Geerntet werden die Mehlwürmer kurz vor der Verpuppung, indem sie durch die eigens entwickelte Sortiermaschine vom Futter­substrat getrennt werden. Die Tötung erfolgt schonend durch Einfrieren, dabei kommt der Stoffwechsel der Larven zum Erliegen. Schließlich werden die Mehlwürmer noch geröstet, bevor man sie entweder versteckt im Proteinriegel, in Schokolade gehüllt oder, für besonders Mutige, auch pur genießen kann. Der Geschmack kommt immerhin vielen bekannt vor, denn er erinnert an Popcorn. Die Wurmfarm ist ein echtes Pilotprojekt in Österreich und traf anfangs auch auf viel Skepsis. Doch Andreas Koitz ist überzeugt, dass Insekten auch in der menschlichen Ernährung immer wichtiger werden, denn ihr hoher Protein- und Vitamingehalt ergänzt auch eine rein pflanzliche Ernährung perfekt. Seine Kinder und Neffen jedenfalls bestehen zur Jause bereits auf die kleinen Würmer, wie er erzählt.

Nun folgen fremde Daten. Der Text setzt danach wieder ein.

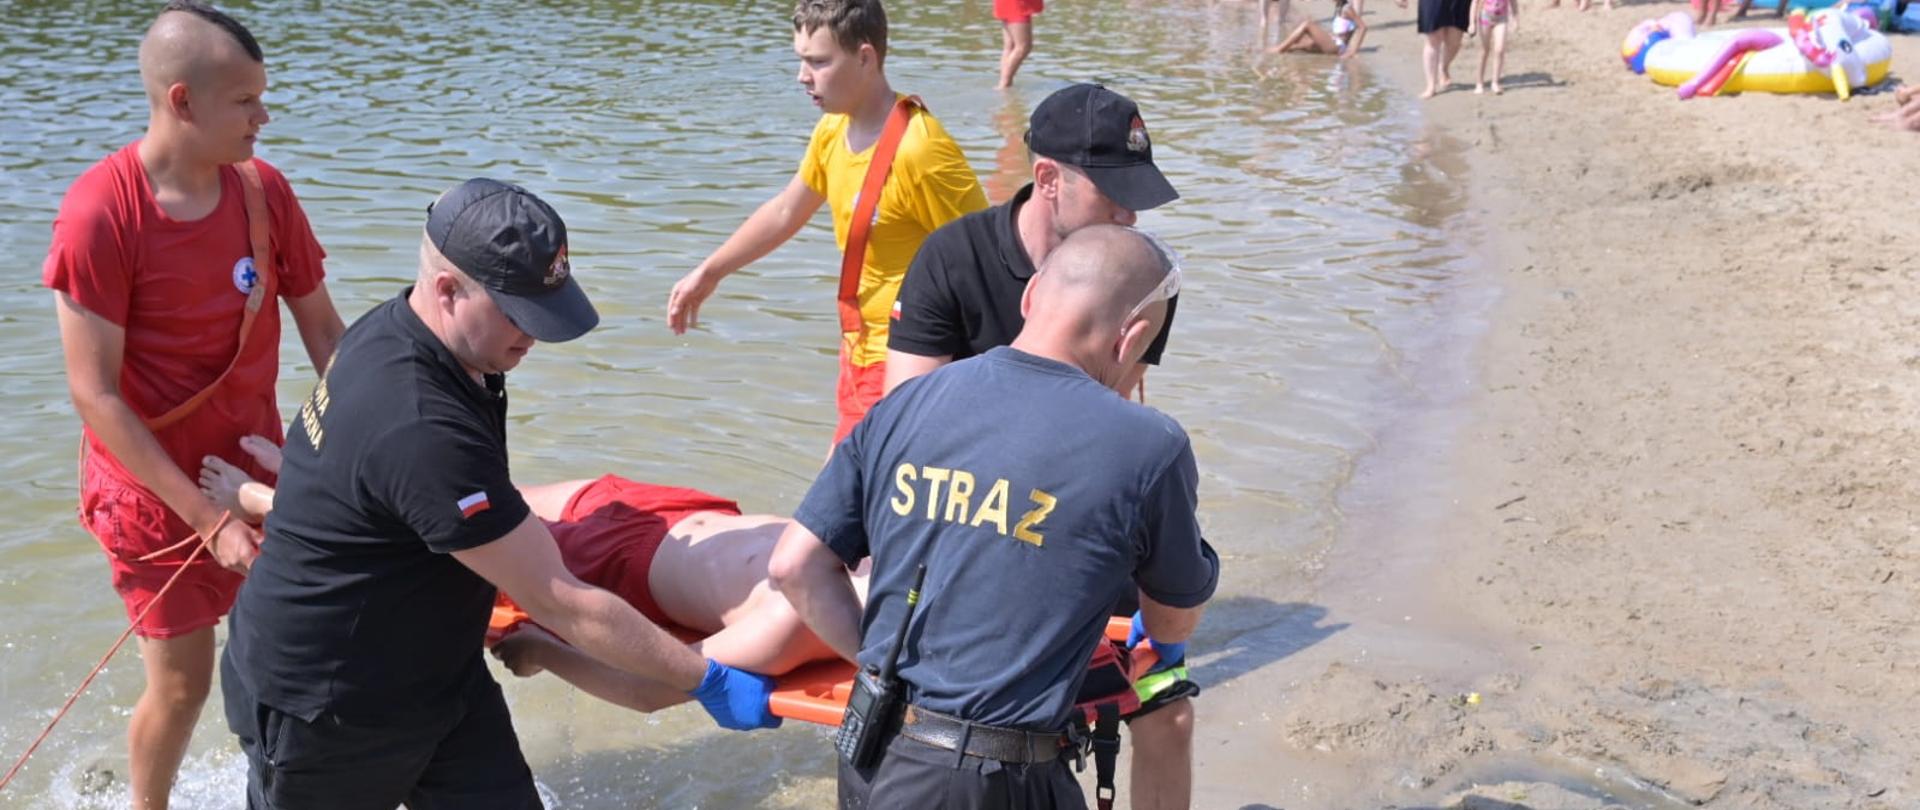 Na zdjęciu widoczni strażacy i ratownicy wodni wynoszący na desce z wody osobę poszkodowaną.
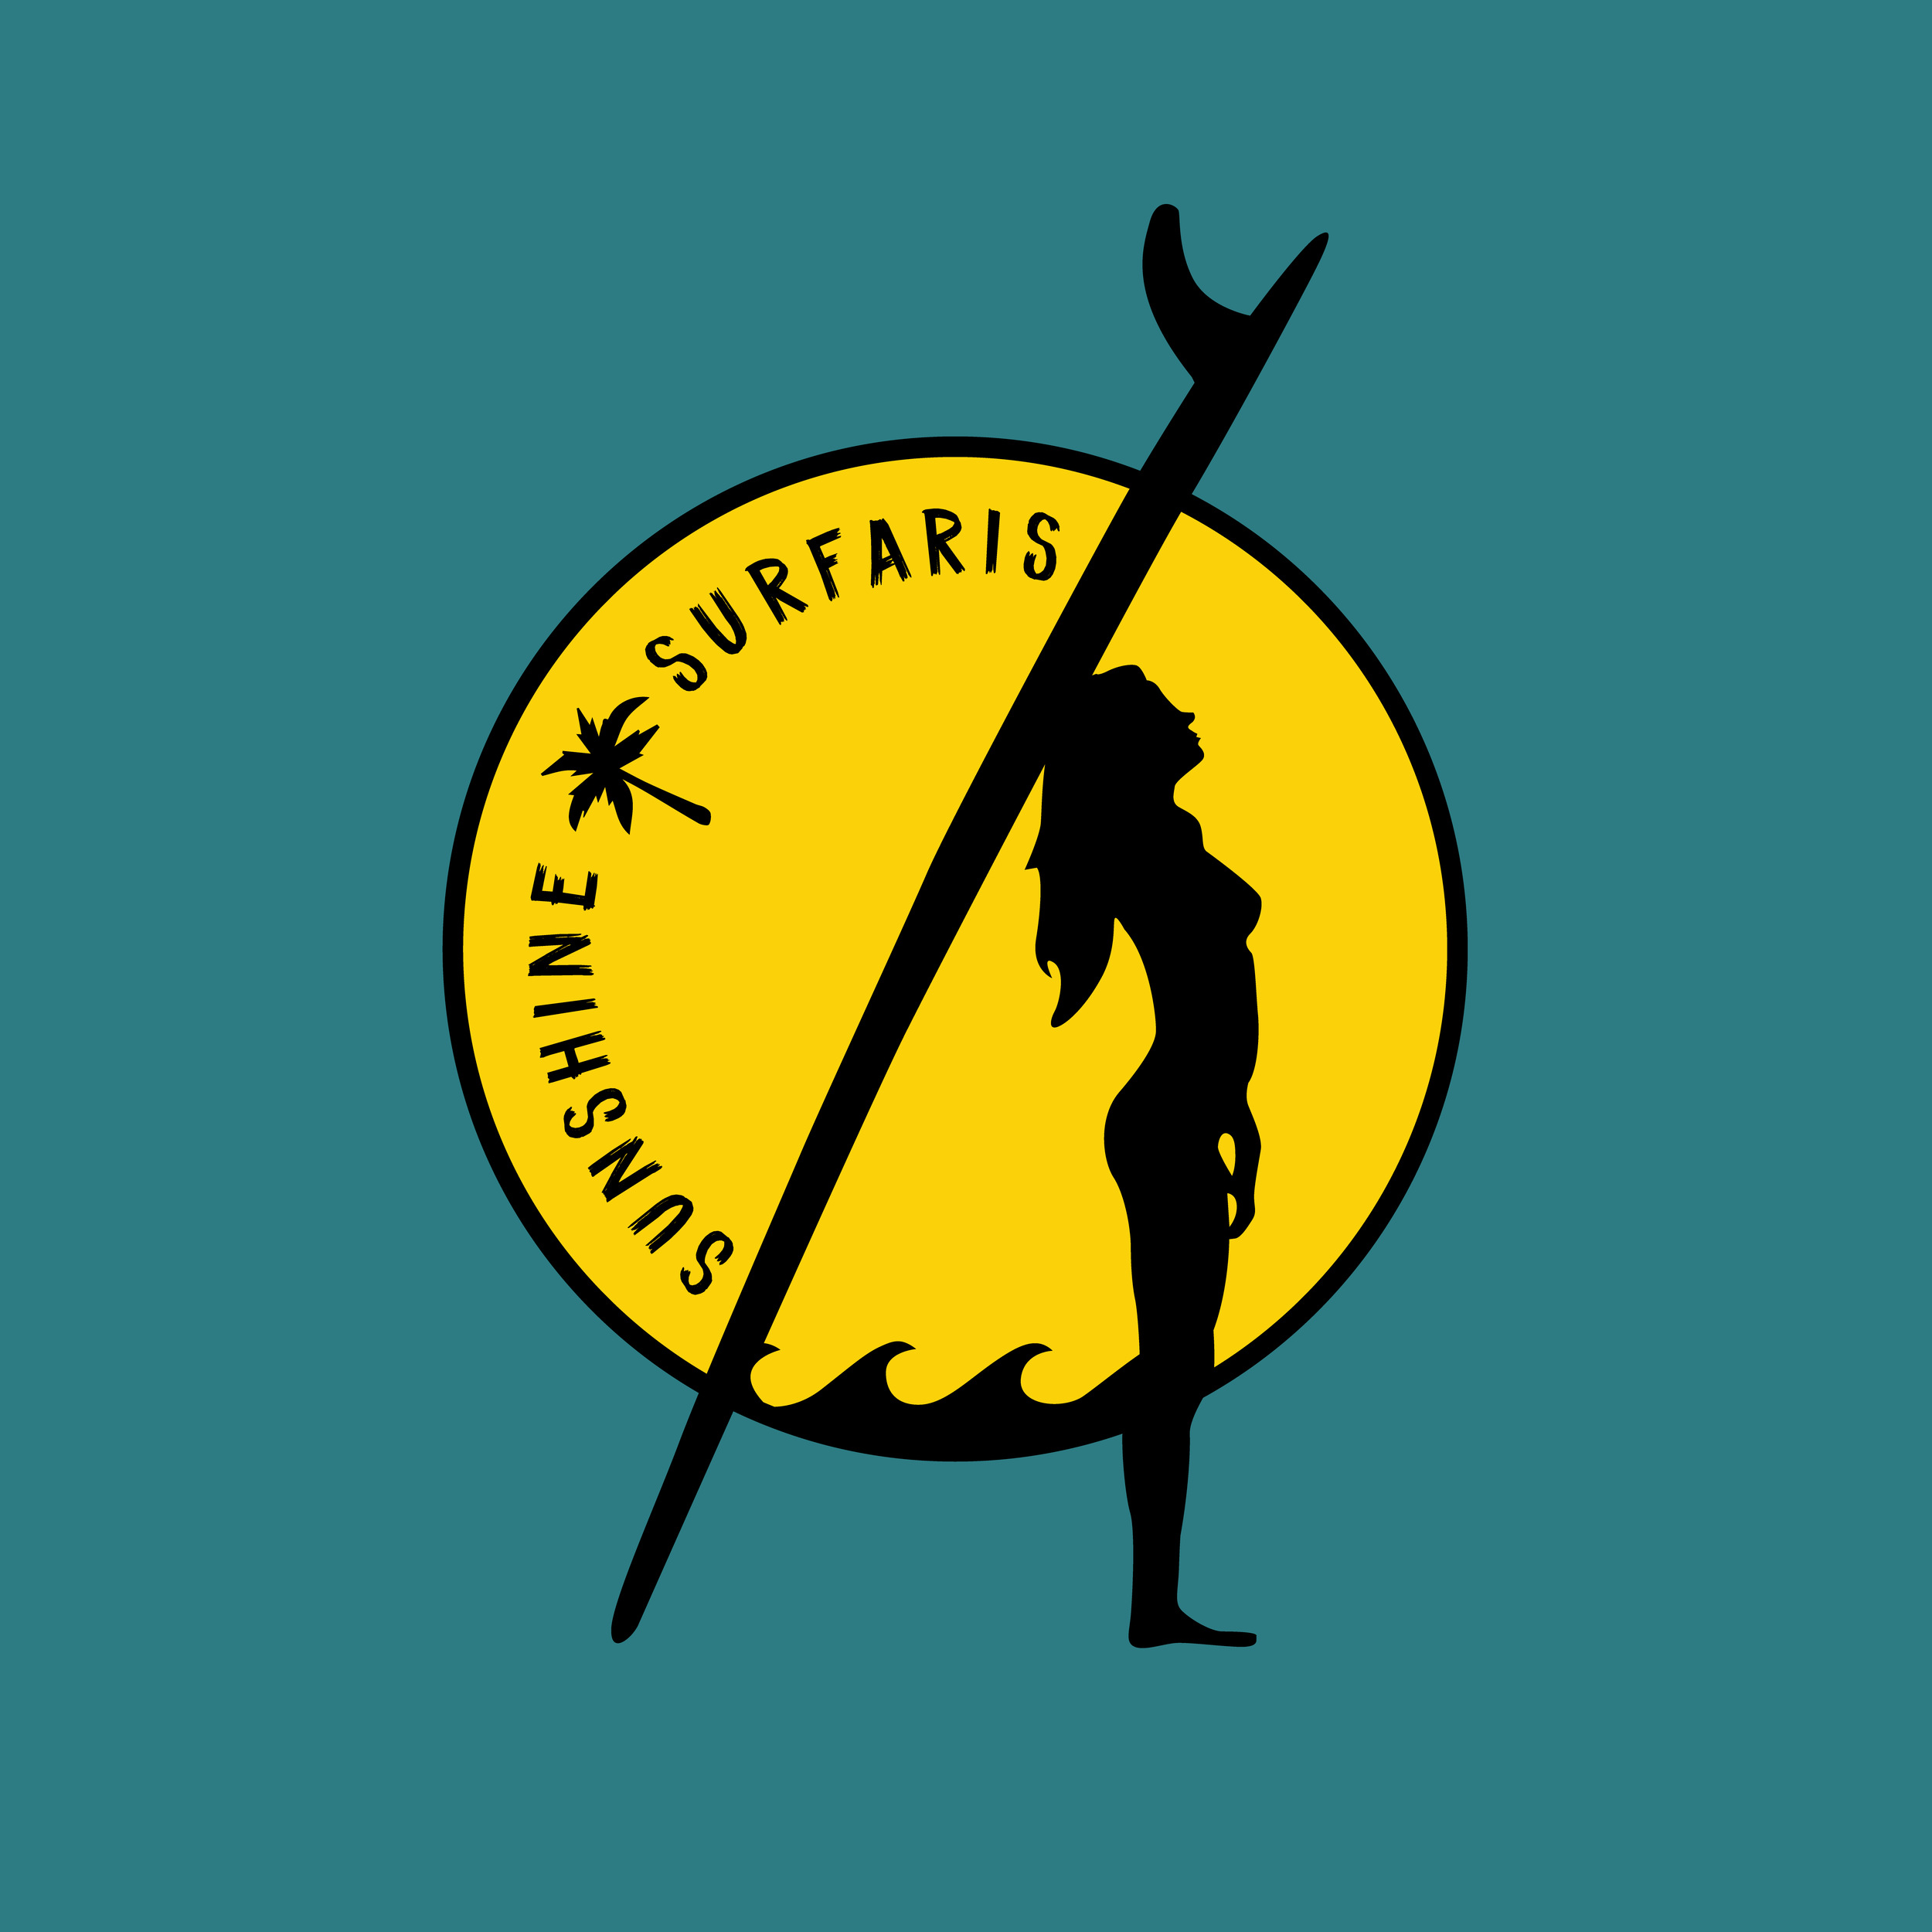 Sunshine_Surfaris_Logo-01.png

Online garteln, offline genießen
Als Quereinsteiger war die Landwirtschaft für die Gründer von MyAcker am Anfang noch echtes Neuland, doch der Erfolg spricht für sich. Mittlerweile teilt sich das Geschäftskonzept in zwei Bereiche: Zum einen kann man sich online, ähnlich wie bei einem Computerspiel, einen eigenen Garten zulegen und sich darum kümmern. Das Besondere daran ist, dass alle online ausgeführten Schritte auf einem echten Acker umgesetzt werden, bis schließlich die Ernte direkt vor die Haustür geliefert wird. Andererseits betreibt MyAcker auch regionale Geschäfte, die ganz ohne Verkäufer funktionieren. Im umgebauten Schiffscontainer werden die Waren platziert, der Zugang zum Geschäft erfolgt mittels Bankomatkarte und anschließend kann im Geschäft eingekauft und an der Selbstbedienungskasse bezahlt werden. Im originalen MyAcker-Container finden sich nur regionale Produkte aus einem Umkreis von maximal 35 Kilometern. Aber auch für andere Geschäftskonzepte wie die Nahversorgung im Dorf oder für einen Hofladen kann die Technik erworben und genutzt werden, dann allerdings ohne die Nennung der Marke MyAcker. Das MyAcker-Team schafft es, aktuelle Bedürfnisse zu erkennen und immer wieder neue und kreative Lösungen anzubieten – das zeigt, wie wichtig der Kontakt zu Konsumentinnen und Konsumenten ist.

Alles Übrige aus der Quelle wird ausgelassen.